WORKING DATA ::
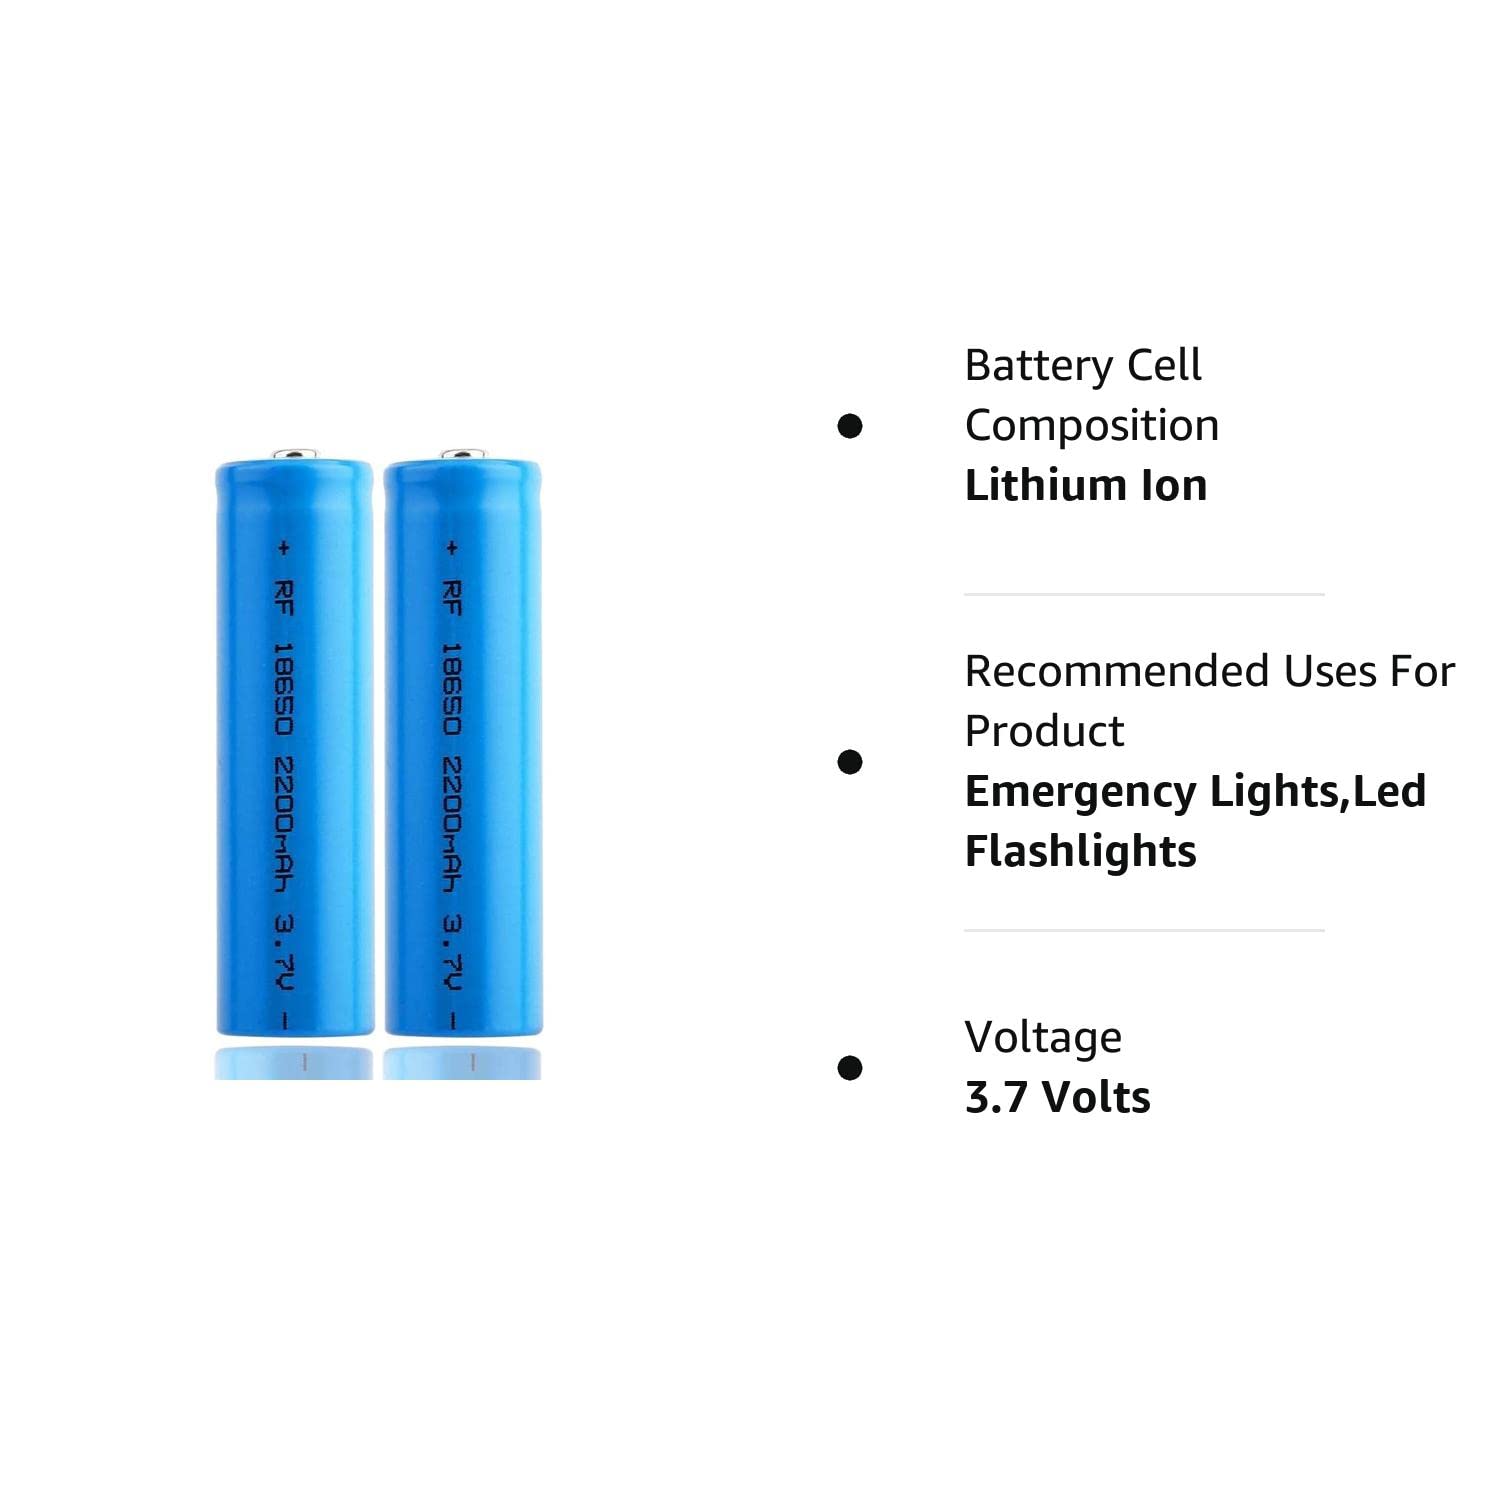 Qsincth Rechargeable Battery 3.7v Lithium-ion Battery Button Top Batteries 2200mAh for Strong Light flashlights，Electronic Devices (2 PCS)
---
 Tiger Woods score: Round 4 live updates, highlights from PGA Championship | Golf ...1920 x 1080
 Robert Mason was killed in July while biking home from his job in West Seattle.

YOUR OBJECTIVE ::
All of the lines above that carry the string "from" need to be found and copied.

SOLUTION TO THIS TASK ::
 Tiger Woods score: Round 4 live updates, highlights from PGA Championship | Golf ...1920 x 1080
 Robert Mason was killed in July while biking home from his job in West Seattle.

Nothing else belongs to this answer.